従来、日本の自動車販売はメーカー直系のディーラーが主導しており、新車販売から整備まで一体化した仕組みが取られてきました。しかし、土地代や人件費といった高い固定コストが車両価格を押し上げる要因となっており、BYDにとって販売拠点の拡大を難しくする一因となっています。

イオンは全国に展開する数百のショッピングモールをショールームとして活用し、クルマの販売を生活動線の中に取り込もうとしています。週末の買い物ついでに試乗し、その場で契約、さらに施設内の充電スペースで充電まで完結――そんな購車体験を実現する構想です。

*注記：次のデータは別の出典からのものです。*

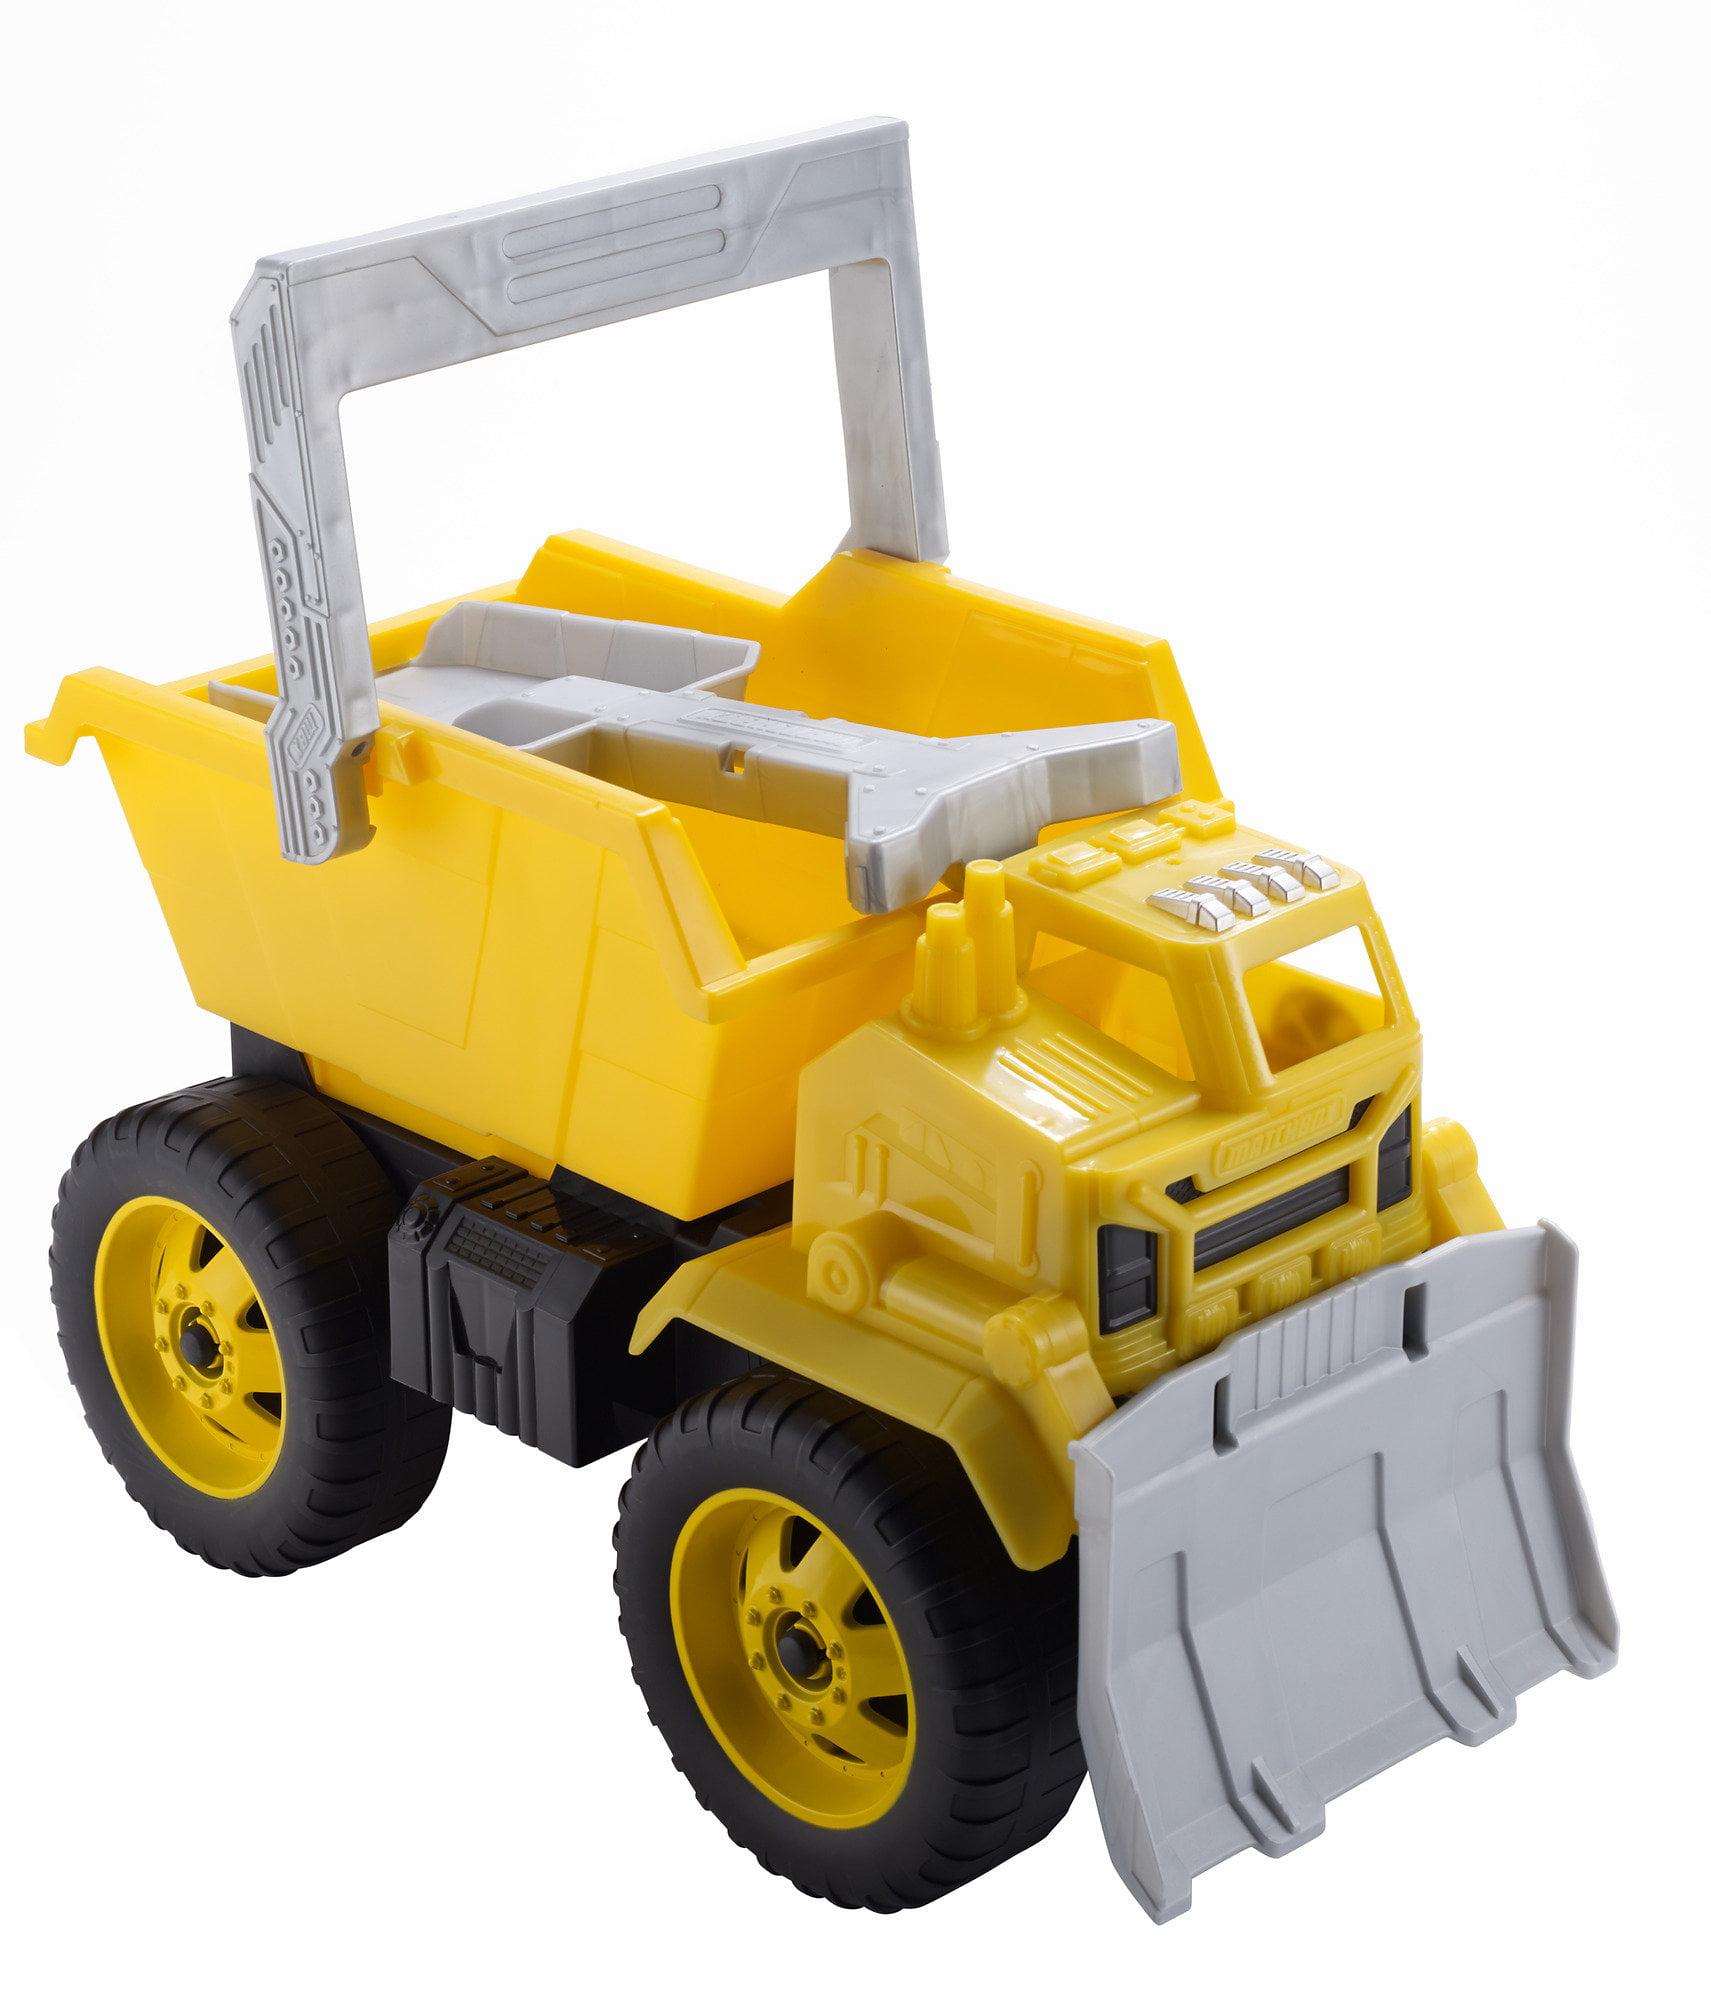 Matchbox Dump Truck by Mattel

中国メディアによると、BYDはイオンが保有する膨大な日本の消費者購買データにも着目している可能性があります。イオンから提供を受けた顧客データを分析することで、潜在的な顧客層をより精密に把握することが可能になります。たとえば、アウトドア用品をよく購入する家庭はSUVに関心を示しやすく、育児関連の商品を多く購入する顧客は安全性能を重視する傾向があります。小売大手が持つデータと販売ネットワーク、そしてBYDの製品開発力が組み合わさることで、新たな市場チャネルが生まれつつあります。

実は、イオンモール内に自動車展示コーナーを設けるのはBYDが初めてではありません。日本の一部ブランドも同様の取り組みを行っていますが、それによって劇的に販売が伸びたという話はあまり聞かれません。

もっとも、BYDの日本市場での拡大は容易ではありません。9月、BYDは中国国内市場で得意とする価格競争の手法を導入し、最大50%の値下げを含む販促を実施しましたが、日本自動車輸入組合(JAIA)の統計によれば、同月の販売台数は802台にとどまりました。今年1〜8月の平均月販272台からは大幅に増えたものの、値下げを終了すれば販売台数がすぐに落ち込む可能性も高いとみられます。

それでもBYDは、イオンとの協業を足がかりに、販売網とブランド認知を拡大し、日本市場での存在感を高めることを目指しています。